The Company obtained 25 mineral claims (the “Option Claims”), located in Elko County, Nevada pursuant to an option agreement (the “Option Agreement”) dated as of May 1, 2008 (the “Date of Closing”) with Nevada Eagle Resources, LLC and Steve Sutherland (together, the “Optionees”). The provisions of the Option Agreement included, among others, payments of specified annual amounts ranging from $10,000 to $80,000 by the Company to the Optionees over a period of ten years. Effective June 1, 2010, the Company and the Optionees agreed to terminate the Company’s interests in the Option Claims pursuant to (1) payment by the Company of $8,750 to each of the Optionees, (2) performance by the Company of such reclamation and remediation as required to discharge the surface management bond posted by the Company pursuant to a Notice of Intent filed with the BLM prior to undertaking exploration activity on the Option Claims, and (3) conveyance by the Company to Nevada Eagle Resources, LLC of the 124 mineral claims staked by the Company after the Date of Closing that are within the Area of Interest described in the Option Agreement. As of September 30, 2013, the undertakings described in (1) and (3) above have been completed and the reclamation and remediation described in (2) above are in progress.
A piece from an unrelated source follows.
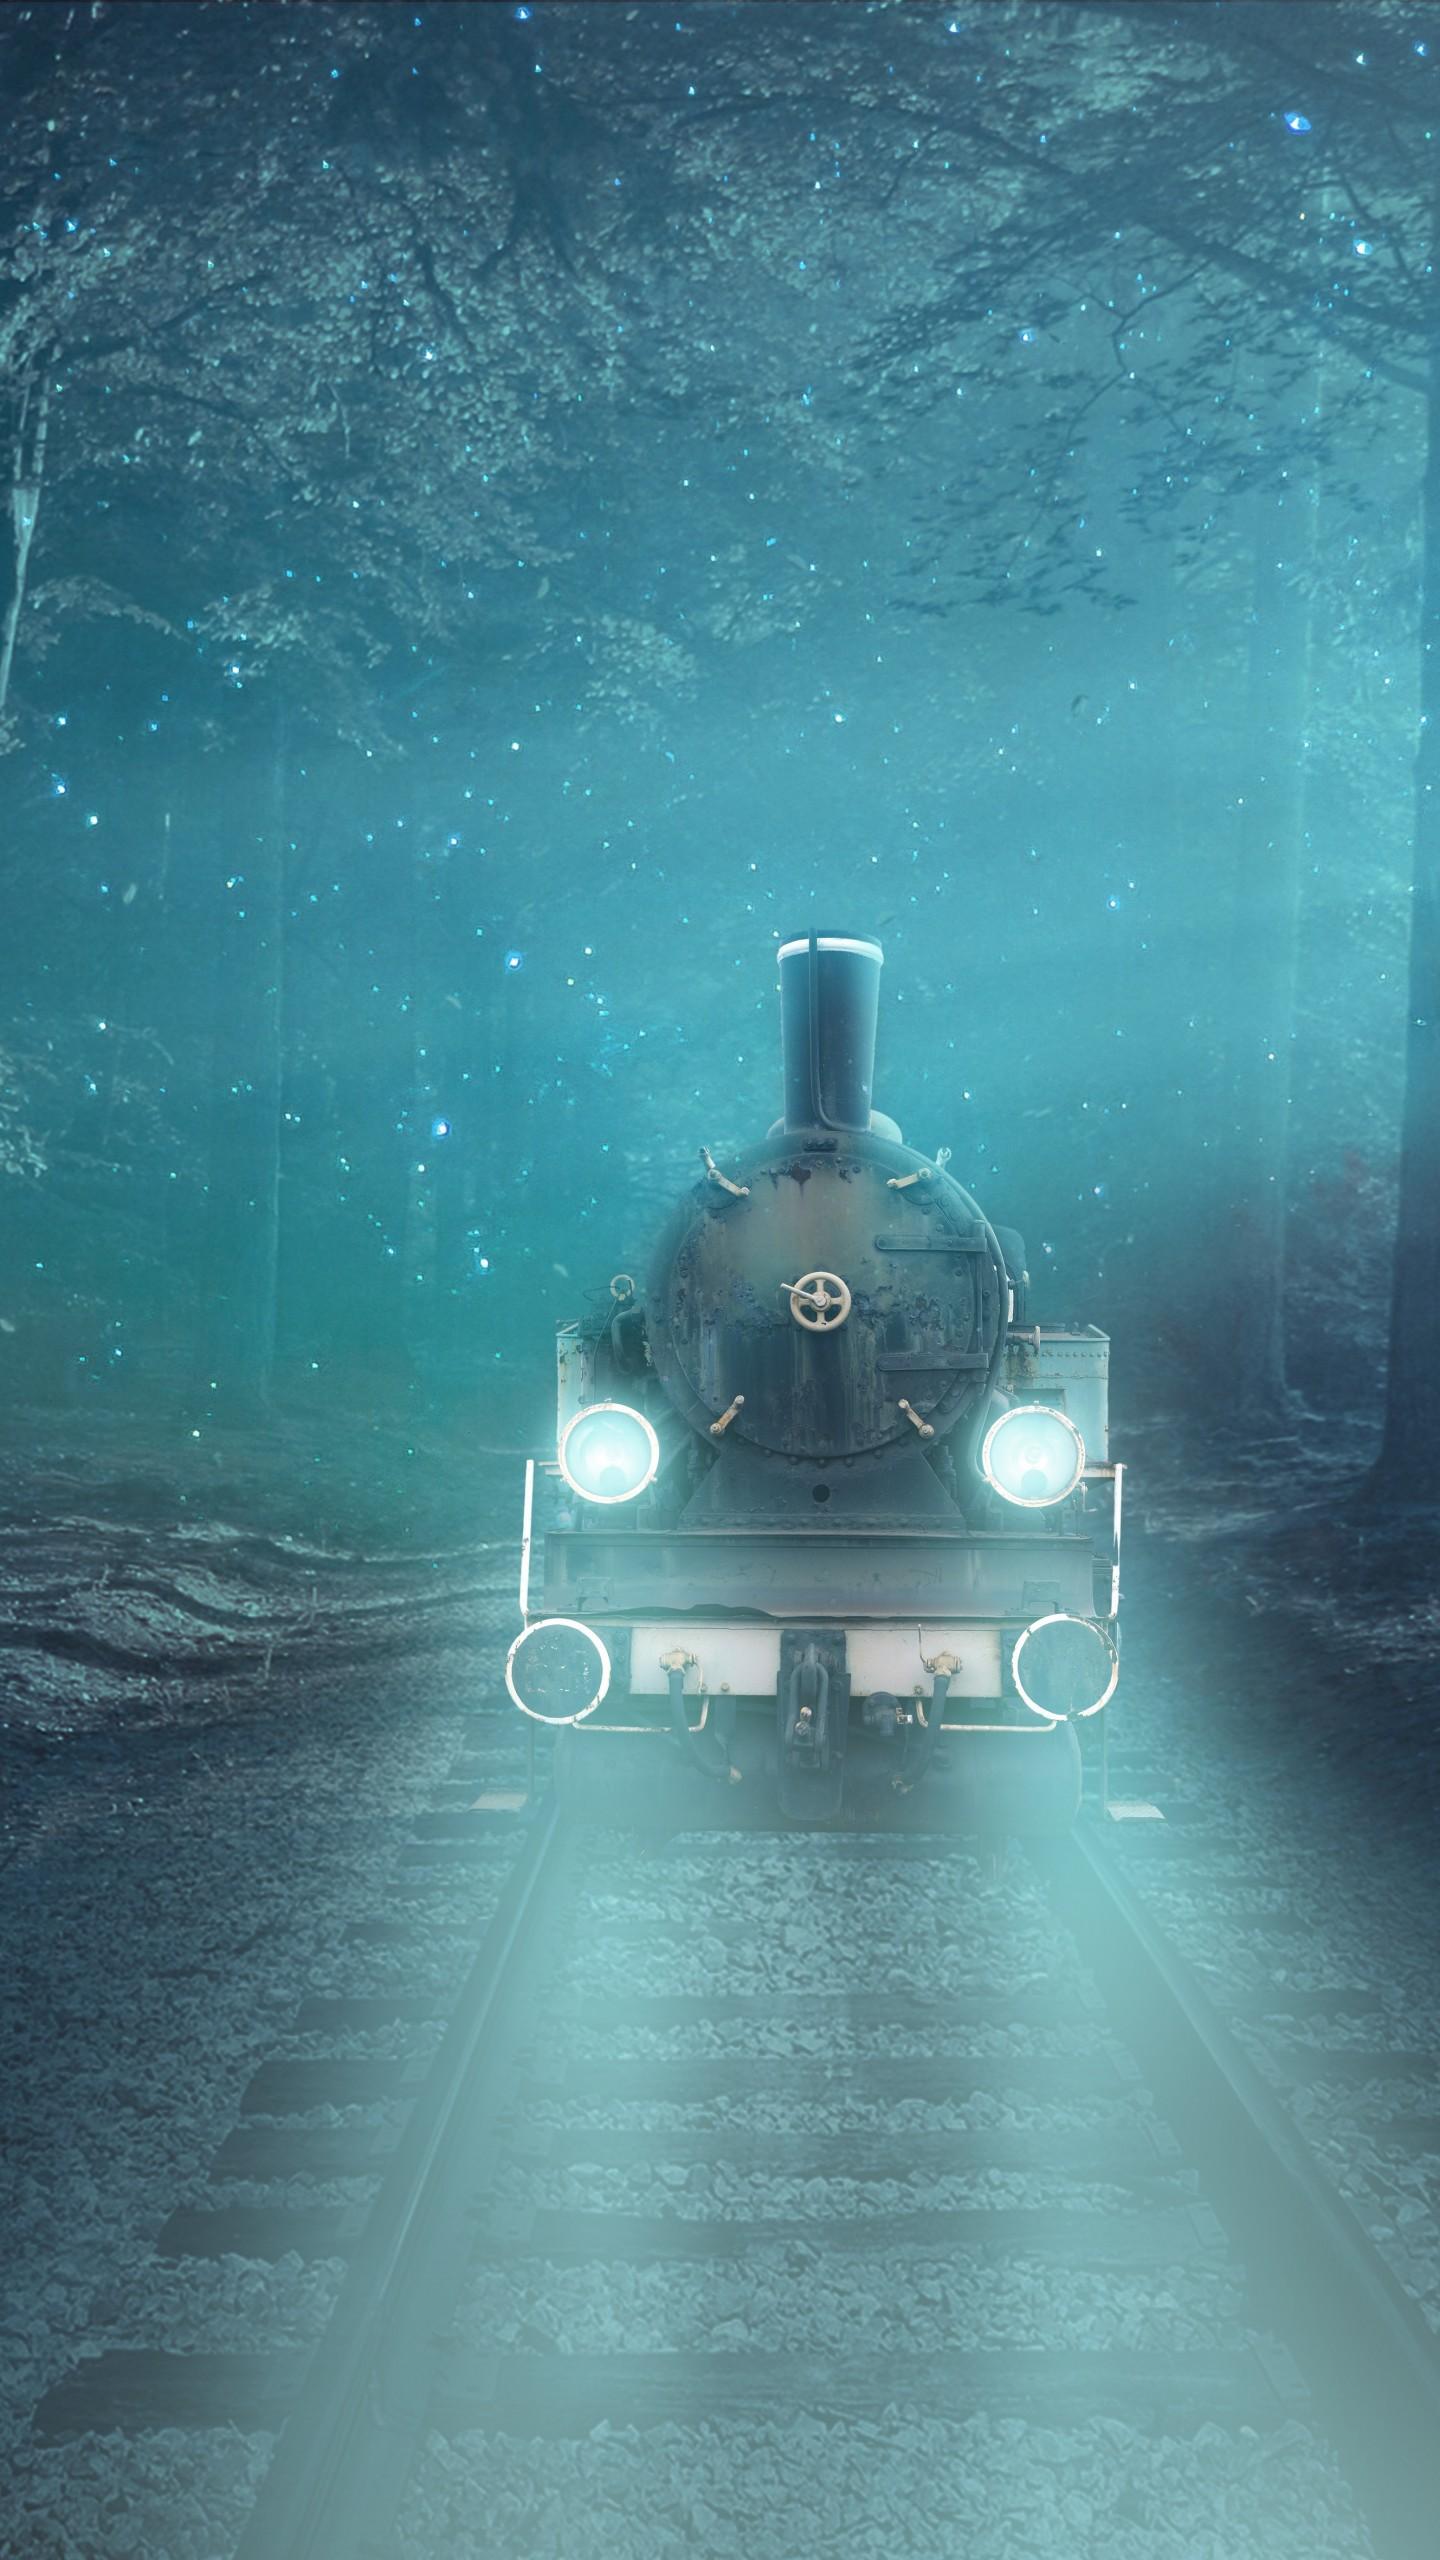 عکس زمینه قطار رویایی در جنگل رویایی پس زمینه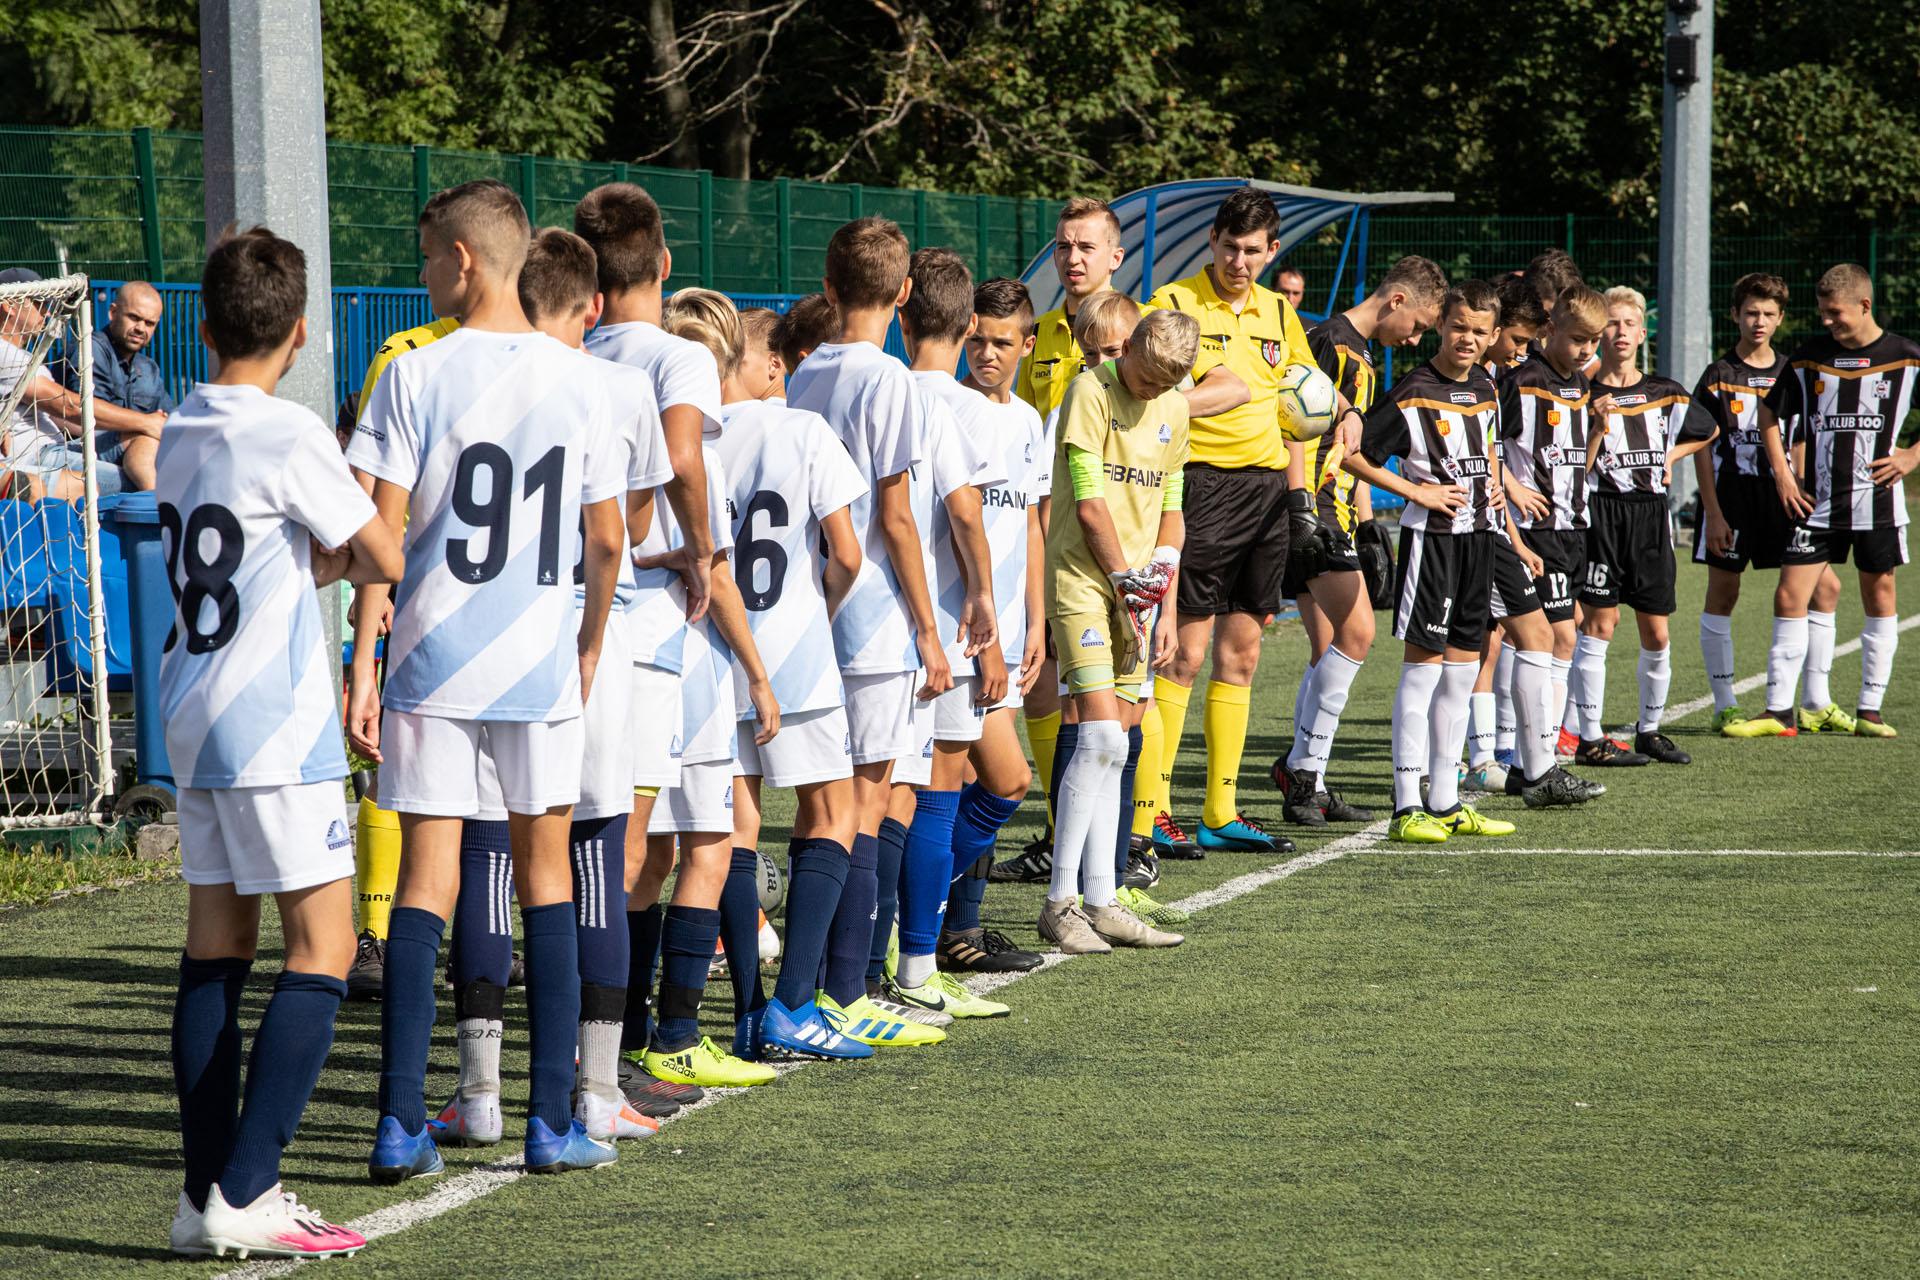 Stal Rzeszów U14 B (2006) vs Czarni 1910 Jasło U14

The 25 Option Claims together with 124 mineral claims staked by the Company have been referred to by the Company as the “Medicine Claim Group.”

On December 8, 2008 IMC US entered into a Mineral Rights Lease Agreement (the “Edgar Lease Agreement”) with the Earl Edgar Mineral Trust (“Edgar”) to lease certain mineral rights in Elko County, Nevada described below (the “Edgar Property”). The term of the Edgar Lease Agreement is ten years and will automatically renew on the same terms and conditions for additional ten-year periods, provided IMC US is conducting exploration, development or mining either on the surface or underground at the property. The rent is to be paid each year on January 1st. $1.00 per net acre was paid upon execution of the Edgar Lease Agreement. On January 1 of each year commencing in 2010 and extending for so long as the Edgar Lease Agreement is in effect, IMC US is obligated to make the following payments:

2010 $1.00 per net acre
2011 $2.00 per net acre
2012 $2.00 per net acre
2013 $3.00 per net acre
2014 $3.00 per net acre
2015 $4.00 per net acre
2016 $4.00 per net acre
2017 $5.00 per net acre in each year for the duration of the Edgar Lease Agreement.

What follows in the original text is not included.